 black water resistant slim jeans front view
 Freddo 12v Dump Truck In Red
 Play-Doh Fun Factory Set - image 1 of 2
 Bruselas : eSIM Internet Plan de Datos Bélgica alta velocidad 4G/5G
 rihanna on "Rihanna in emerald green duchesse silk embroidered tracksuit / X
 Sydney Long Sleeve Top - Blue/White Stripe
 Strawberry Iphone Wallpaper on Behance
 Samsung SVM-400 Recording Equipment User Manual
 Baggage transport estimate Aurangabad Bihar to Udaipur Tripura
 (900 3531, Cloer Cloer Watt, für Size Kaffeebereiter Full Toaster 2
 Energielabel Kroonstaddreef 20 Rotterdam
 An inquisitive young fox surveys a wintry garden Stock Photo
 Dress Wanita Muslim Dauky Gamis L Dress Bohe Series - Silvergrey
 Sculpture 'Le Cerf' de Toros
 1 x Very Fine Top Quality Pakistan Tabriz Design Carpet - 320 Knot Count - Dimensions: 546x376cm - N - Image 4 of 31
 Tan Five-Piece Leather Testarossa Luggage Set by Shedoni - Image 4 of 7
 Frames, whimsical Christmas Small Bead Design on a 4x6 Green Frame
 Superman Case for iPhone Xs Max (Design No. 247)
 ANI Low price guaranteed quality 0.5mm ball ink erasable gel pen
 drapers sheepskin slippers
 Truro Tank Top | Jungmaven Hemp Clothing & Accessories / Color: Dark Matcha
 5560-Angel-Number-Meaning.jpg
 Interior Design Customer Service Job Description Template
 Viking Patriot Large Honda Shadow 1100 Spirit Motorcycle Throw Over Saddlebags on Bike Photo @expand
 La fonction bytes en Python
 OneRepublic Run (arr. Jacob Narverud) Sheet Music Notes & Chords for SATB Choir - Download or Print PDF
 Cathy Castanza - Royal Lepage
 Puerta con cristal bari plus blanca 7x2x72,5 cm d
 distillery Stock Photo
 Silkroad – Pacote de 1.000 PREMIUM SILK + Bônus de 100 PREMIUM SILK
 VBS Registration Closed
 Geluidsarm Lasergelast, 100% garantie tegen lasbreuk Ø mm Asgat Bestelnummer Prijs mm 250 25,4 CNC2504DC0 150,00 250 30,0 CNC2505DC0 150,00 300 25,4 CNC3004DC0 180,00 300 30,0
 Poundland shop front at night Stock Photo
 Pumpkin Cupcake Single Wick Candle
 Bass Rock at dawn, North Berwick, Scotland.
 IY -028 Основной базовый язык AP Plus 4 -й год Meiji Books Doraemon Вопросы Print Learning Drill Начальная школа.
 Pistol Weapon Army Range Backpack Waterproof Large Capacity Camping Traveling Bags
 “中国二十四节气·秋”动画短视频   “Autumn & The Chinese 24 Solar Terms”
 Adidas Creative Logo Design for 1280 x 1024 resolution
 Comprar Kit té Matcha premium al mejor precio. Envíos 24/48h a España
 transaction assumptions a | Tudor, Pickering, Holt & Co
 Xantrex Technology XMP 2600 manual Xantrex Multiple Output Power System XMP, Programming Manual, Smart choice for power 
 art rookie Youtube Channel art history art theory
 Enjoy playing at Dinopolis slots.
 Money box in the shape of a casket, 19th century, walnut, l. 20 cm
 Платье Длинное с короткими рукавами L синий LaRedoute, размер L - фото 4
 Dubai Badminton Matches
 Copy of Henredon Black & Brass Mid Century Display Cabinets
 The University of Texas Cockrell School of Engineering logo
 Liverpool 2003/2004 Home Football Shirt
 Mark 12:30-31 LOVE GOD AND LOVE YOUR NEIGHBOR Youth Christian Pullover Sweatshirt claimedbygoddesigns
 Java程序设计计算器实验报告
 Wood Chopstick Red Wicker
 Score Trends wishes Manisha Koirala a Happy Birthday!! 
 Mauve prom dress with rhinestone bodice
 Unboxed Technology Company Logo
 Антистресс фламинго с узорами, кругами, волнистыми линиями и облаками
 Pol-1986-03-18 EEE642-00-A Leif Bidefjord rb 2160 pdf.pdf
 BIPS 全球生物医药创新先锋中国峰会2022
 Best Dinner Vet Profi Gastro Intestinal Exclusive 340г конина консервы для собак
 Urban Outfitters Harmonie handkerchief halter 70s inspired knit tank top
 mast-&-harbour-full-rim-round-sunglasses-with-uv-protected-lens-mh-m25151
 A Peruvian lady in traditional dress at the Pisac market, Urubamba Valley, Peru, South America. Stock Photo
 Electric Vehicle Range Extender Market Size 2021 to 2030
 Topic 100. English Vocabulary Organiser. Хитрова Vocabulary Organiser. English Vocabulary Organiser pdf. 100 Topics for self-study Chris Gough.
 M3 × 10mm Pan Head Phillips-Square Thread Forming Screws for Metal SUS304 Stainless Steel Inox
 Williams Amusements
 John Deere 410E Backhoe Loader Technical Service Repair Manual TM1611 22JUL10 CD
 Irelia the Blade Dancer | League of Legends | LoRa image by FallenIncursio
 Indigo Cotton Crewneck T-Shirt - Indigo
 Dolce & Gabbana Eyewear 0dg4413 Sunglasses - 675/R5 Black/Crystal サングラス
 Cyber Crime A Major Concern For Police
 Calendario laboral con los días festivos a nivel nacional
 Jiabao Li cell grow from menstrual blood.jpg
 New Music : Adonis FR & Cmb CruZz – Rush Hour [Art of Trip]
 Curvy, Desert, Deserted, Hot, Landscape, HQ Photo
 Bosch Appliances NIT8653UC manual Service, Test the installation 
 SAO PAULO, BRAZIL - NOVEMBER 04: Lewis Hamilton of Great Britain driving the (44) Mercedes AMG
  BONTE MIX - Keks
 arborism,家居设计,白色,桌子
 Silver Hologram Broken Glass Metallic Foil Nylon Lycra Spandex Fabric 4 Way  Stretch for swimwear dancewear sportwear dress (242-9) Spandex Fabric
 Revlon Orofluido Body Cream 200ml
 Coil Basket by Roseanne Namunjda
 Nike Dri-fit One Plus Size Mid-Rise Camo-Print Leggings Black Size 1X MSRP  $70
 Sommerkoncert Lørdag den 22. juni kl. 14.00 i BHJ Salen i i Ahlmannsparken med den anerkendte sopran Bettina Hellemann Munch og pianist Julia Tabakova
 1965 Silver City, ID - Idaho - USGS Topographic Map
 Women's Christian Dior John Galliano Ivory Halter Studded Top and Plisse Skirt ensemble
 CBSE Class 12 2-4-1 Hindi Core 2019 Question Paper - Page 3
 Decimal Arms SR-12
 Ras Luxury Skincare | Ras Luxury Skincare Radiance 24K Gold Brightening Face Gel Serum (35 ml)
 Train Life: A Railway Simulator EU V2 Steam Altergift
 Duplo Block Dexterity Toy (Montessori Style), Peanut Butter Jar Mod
* * *
TRY IT
Would you transcribe every entry exactly?

SOLUTION BELOW
 black water resistant slim jeans front view
 Freddo 12v Dump Truck In Red
 Play-Doh Fun Factory Set - image 1 of 2
 Bruselas : eSIM Internet Plan de Datos Bélgica alta velocidad 4G/5G
 rihanna on "Rihanna in emerald green duchesse silk embroidered tracksuit / X
 Sydney Long Sleeve Top - Blue/White Stripe
 Strawberry Iphone Wallpaper on Behance
 Samsung SVM-400 Recording Equipment User Manual
 Baggage transport estimate Aurangabad Bihar to Udaipur Tripura
 (900 3531, Cloer Cloer Watt, für Size Kaffeebereiter Full Toaster 2
 Energielabel Kroonstaddreef 20 Rotterdam
 An inquisitive young fox surveys a wintry garden Stock Photo
 Dress Wanita Muslim Dauky Gamis L Dress Bohe Series - Silvergrey
 Sculpture 'Le Cerf' de Toros
 1 x Very Fine Top Quality Pakistan Tabriz Design Carpet - 320 Knot Count - Dimensions: 546x376cm - N - Image 4 of 31
 Tan Five-Piece Leather Testarossa Luggage Set by Shedoni - Image 4 of 7
 Frames, whimsical Christmas Small Bead Design on a 4x6 Green Frame
 Superman Case for iPhone Xs Max (Design No. 247)
 ANI Low price guaranteed quality 0.5mm ball ink erasable gel pen
 drapers sheepskin slippers
 Truro Tank Top | Jungmaven Hemp Clothing & Accessories / Color: Dark Matcha
 5560-Angel-Number-Meaning.jpg
 Interior Design Customer Service Job Description Template
 Viking Patriot Large Honda Shadow 1100 Spirit Motorcycle Throw Over Saddlebags on Bike Photo @expand
 La fonction bytes en Python
 OneRepublic Run (arr. Jacob Narverud) Sheet Music Notes & Chords for SATB Choir - Download or Print PDF
 Cathy Castanza - Royal Lepage
 Puerta con cristal bari plus blanca 7x2x72,5 cm d
 distillery Stock Photo
 Silkroad – Pacote de 1.000 PREMIUM SILK + Bônus de 100 PREMIUM SILK
 VBS Registration Closed
 Geluidsarm Lasergelast, 100% garantie tegen lasbreuk Ø mm Asgat Bestelnummer Prijs mm 250 25,4 CNC2504DC0 150,00 250 30,0 CNC2505DC0 150,00 300 25,4 CNC3004DC0 180,00 300 30,0
 Poundland shop front at night Stock Photo
 Pumpkin Cupcake Single Wick Candle
 Bass Rock at dawn, North Berwick, Scotland.
 IY -028 Основной базовый язык AP Plus 4 -й год Meiji Books Doraemon Вопросы Print Learning Drill Начальная школа.
 Pistol Weapon Army Range Backpack Waterproof Large Capacity Camping Traveling Bags
 “中国二十四节气·秋”动画短视频   “Autumn & The Chinese 24 Solar Terms”
 Adidas Creative Logo Design for 1280 x 1024 resolution
 Comprar Kit té Matcha premium al mejor precio. Envíos 24/48h a España
 transaction assumptions a | Tudor, Pickering, Holt & Co
 Xantrex Technology XMP 2600 manual Xantrex Multiple Output Power System XMP, Programming Manual, Smart choice for power 
 art rookie Youtube Channel art history art theory
 Enjoy playing at Dinopolis slots.
 Money box in the shape of a casket, 19th century, walnut, l. 20 cm
 Платье Длинное с короткими рукавами L синий LaRedoute, размер L - фото 4
 Dubai Badminton Matches
 Copy of Henredon Black & Brass Mid Century Display Cabinets
 The University of Texas Cockrell School of Engineering logo
 Liverpool 2003/2004 Home Football Shirt
 Mark 12:30-31 LOVE GOD AND LOVE YOUR NEIGHBOR Youth Christian Pullover Sweatshirt claimedbygoddesigns
 Java程序设计计算器实验报告
 Wood Chopstick Red Wicker
 Score Trends wishes Manisha Koirala a Happy Birthday!! 
 Mauve prom dress with rhinestone bodice
 Unboxed Technology Company Logo
 Антистресс фламинго с узорами, кругами, волнистыми линиями и облаками
 Pol-1986-03-18 EEE642-00-A Leif Bidefjord rb 2160 pdf.pdf
 BIPS 全球生物医药创新先锋中国峰会2022
 Best Dinner Vet Profi Gastro Intestinal Exclusive 340г конина консервы для собак
 Urban Outfitters Harmonie handkerchief halter 70s inspired knit tank top
 mast-&-harbour-full-rim-round-sunglasses-with-uv-protected-lens-mh-m25151
 A Peruvian lady in traditional dress at the Pisac market, Urubamba Valley, Peru, South America. Stock Photo
 Electric Vehicle Range Extender Market Size 2021 to 2030
 Topic 100. English Vocabulary Organiser. Хитрова Vocabulary Organiser. English Vocabulary Organiser pdf. 100 Topics for self-study Chris Gough.
 M3 × 10mm Pan Head Phillips-Square Thread Forming Screws for Metal SUS304 Stainless Steel Inox
 Williams Amusements
 John Deere 410E Backhoe Loader Technical Service Repair Manual TM1611 22JUL10 CD
 Irelia the Blade Dancer | League of Legends | LoRa image by FallenIncursio
 Indigo Cotton Crewneck T-Shirt - Indigo
 Dolce & Gabbana Eyewear 0dg4413 Sunglasses - 675/R5 Black/Crystal サングラス
 Cyber Crime A Major Concern For Police
 Calendario laboral con los días festivos a nivel nacional
 Jiabao Li cell grow from menstrual blood.jpg
 New Music : Adonis FR & Cmb CruZz – Rush Hour [Art of Trip]
 Curvy, Desert, Deserted, Hot, Landscape, HQ Photo
 Bosch Appliances NIT8653UC manual Service, Test the installation 
 SAO PAULO, BRAZIL - NOVEMBER 04: Lewis Hamilton of Great Britain driving the (44) Mercedes AMG
  BONTE MIX - Keks
 arborism,家居设计,白色,桌子
 Silver Hologram Broken Glass Metallic Foil Nylon Lycra Spandex Fabric 4 Way  Stretch for swimwear dancewear sportwear dress (242-9) Spandex Fabric
 Revlon Orofluido Body Cream 200ml
 Coil Basket by Roseanne Namunjda
 Nike Dri-fit One Plus Size Mid-Rise Camo-Print Leggings Black Size 1X MSRP  $70
 Sommerkoncert Lørdag den 22. juni kl. 14.00 i BHJ Salen i i Ahlmannsparken med den anerkendte sopran Bettina Hellemann Munch og pianist Julia Tabakova
 1965 Silver City, ID - Idaho - USGS Topographic Map
 Women's Christian Dior John Galliano Ivory Halter Studded Top and Plisse Skirt ensemble
 CBSE Class 12 2-4-1 Hindi Core 2019 Question Paper - Page 3
 Decimal Arms SR-12
 Ras Luxury Skincare | Ras Luxury Skincare Radiance 24K Gold Brightening Face Gel Serum (35 ml)
 Train Life: A Railway Simulator EU V2 Steam Altergift
 Duplo Block Dexterity Toy (Montessori Style), Peanut Butter Jar Mod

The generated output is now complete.